Women outnumber men on college campuses nationwide.

Taking into account environmental and situational variables, then, romantic pursuit becomes less about what men and women fundamentally are (or should be) and more about a way of responding to a real or perceived condition of mate scarcity. It seems no coincidence that for college women, becoming more professionally successful is also connected to diminished mating prospects; enhancing your own ability to provide is another way of taking charge when the competition for mates and their resources goes up. Yet while we’ve come to accept female determination in the work world, female perseverance still rankles in matters of love.

NO MATTER WHAT
the environmental factors are, the proclivity to get hung up on a particular someone is vital to the survival of our species.
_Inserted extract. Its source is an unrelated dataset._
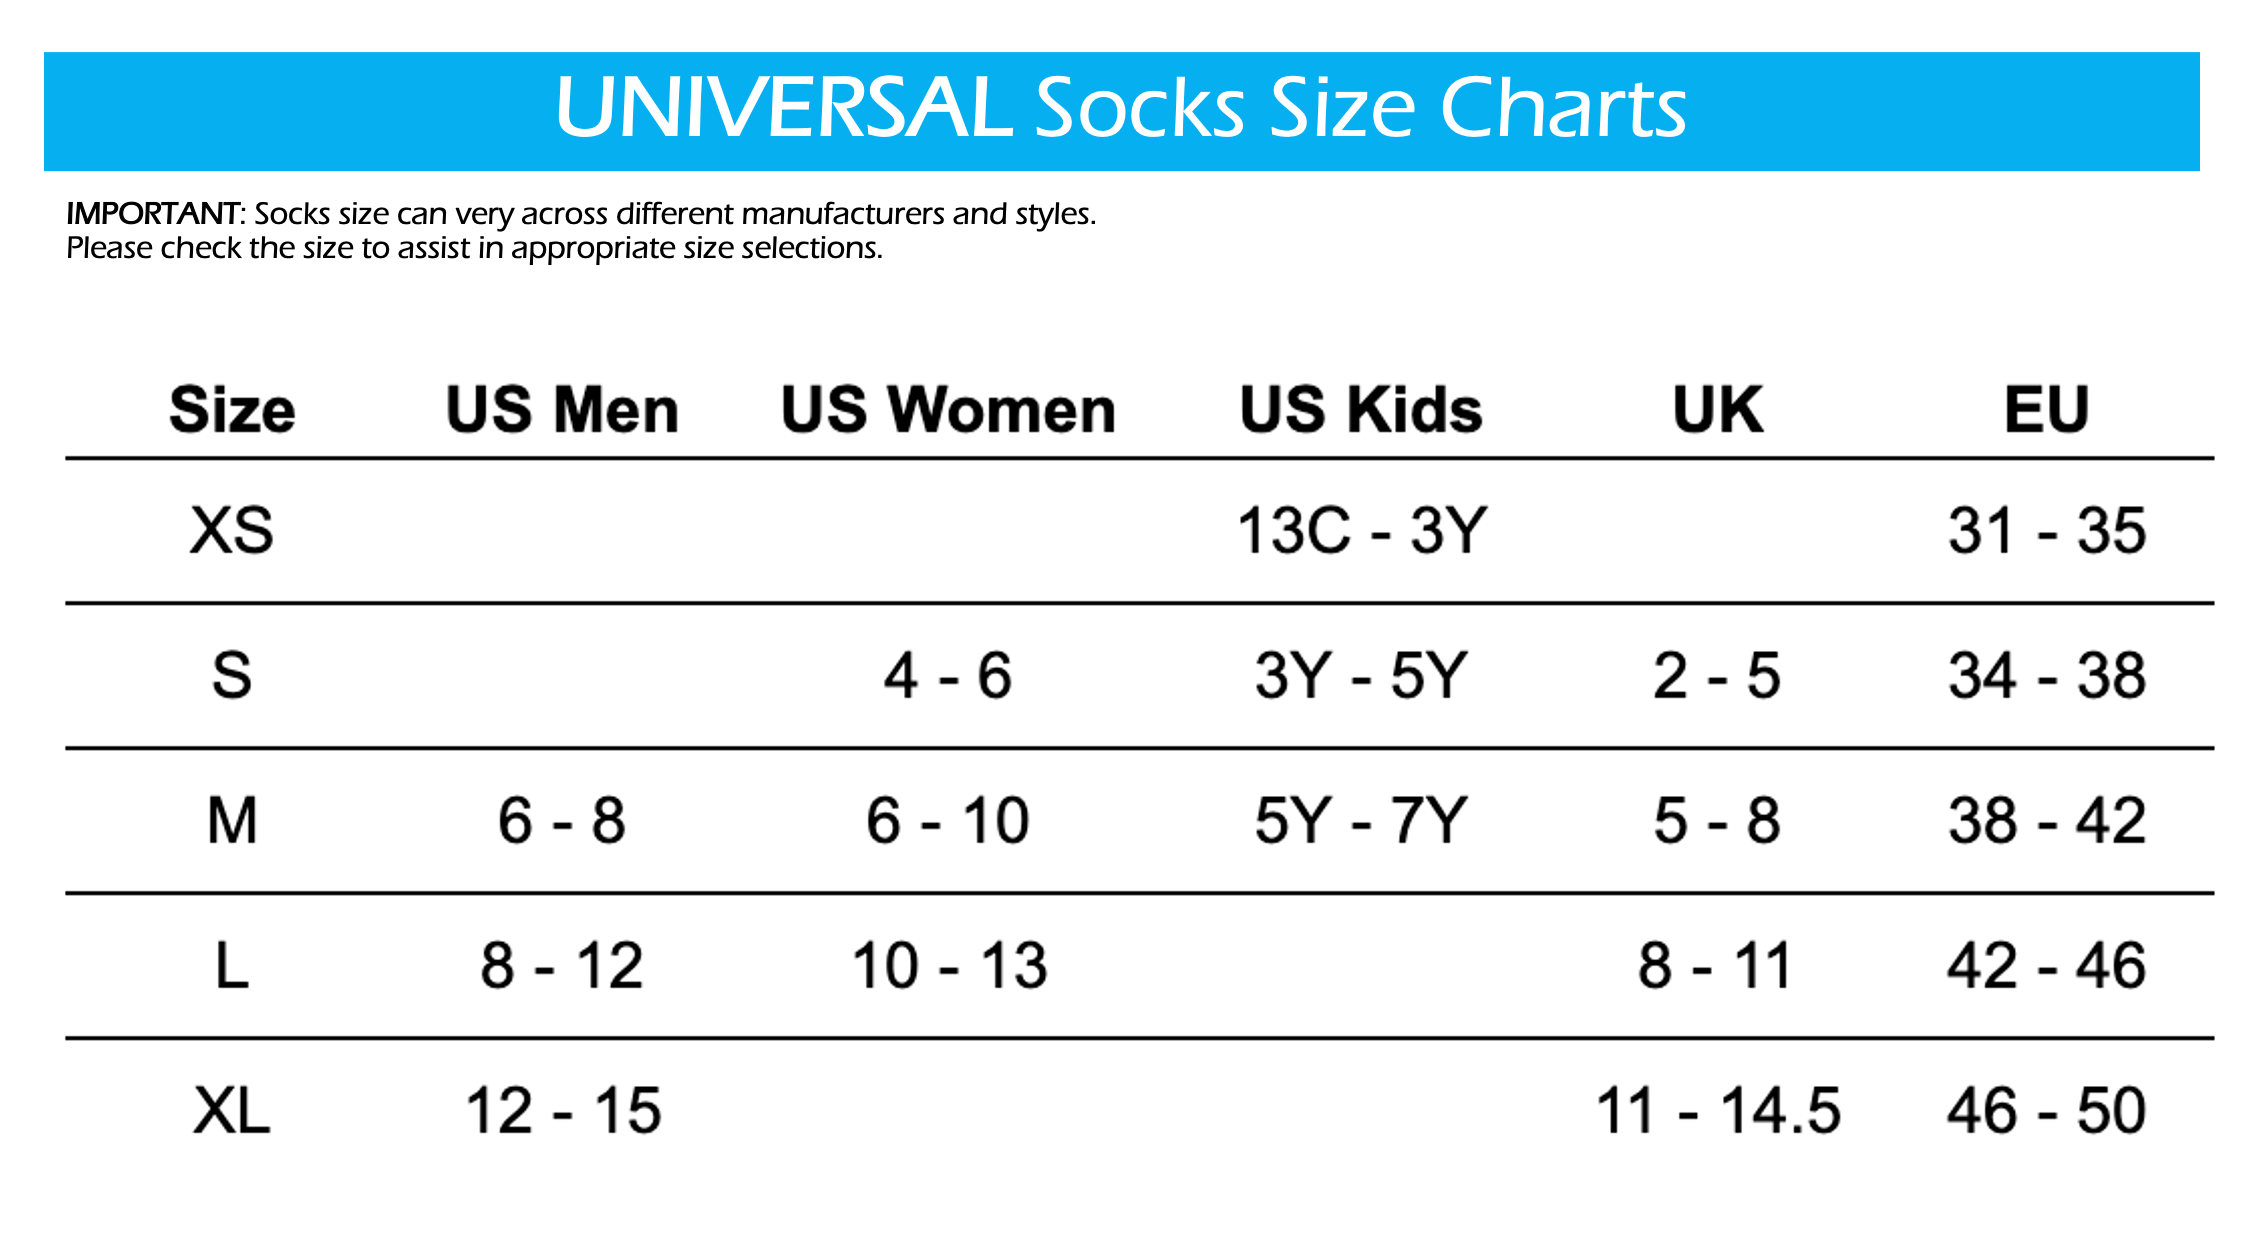 Skechers Women's No Show Liner Socks 8 Pairs - Black/White/Grey - Shoe Size 5-9.5

Romantic obsession and pursuit are adaptations for both men and women in the mating game. We focus exclusively on one person because it fosters pair bonds, which help us raise offspring successfully. “It takes a long time to go through a pregnancy and take care of a child,” said social psychologist Arthur Aron. “Having both parents helps the child survive. If our ancestors didn’t have a strong motivation to bond and connect, we might not be here as a species.” So what drives us to jealousy and pursuit is integrally
linked to the forces that create us and make us thrive, even though, like many fundamental human motivations, the drive to bond, as Aron put it, “can run awry.”

ANGELA, A TRANSLATOR
in her mid-forties, met Heinrich at a rundown hostel in Augsburg while she was spending a year teaching in Germany. She was twenty-five, and he was about to turn thirty. “He had these piercing blue eyes,” she said. “I remember not being able to look at him because his gaze was so bright.”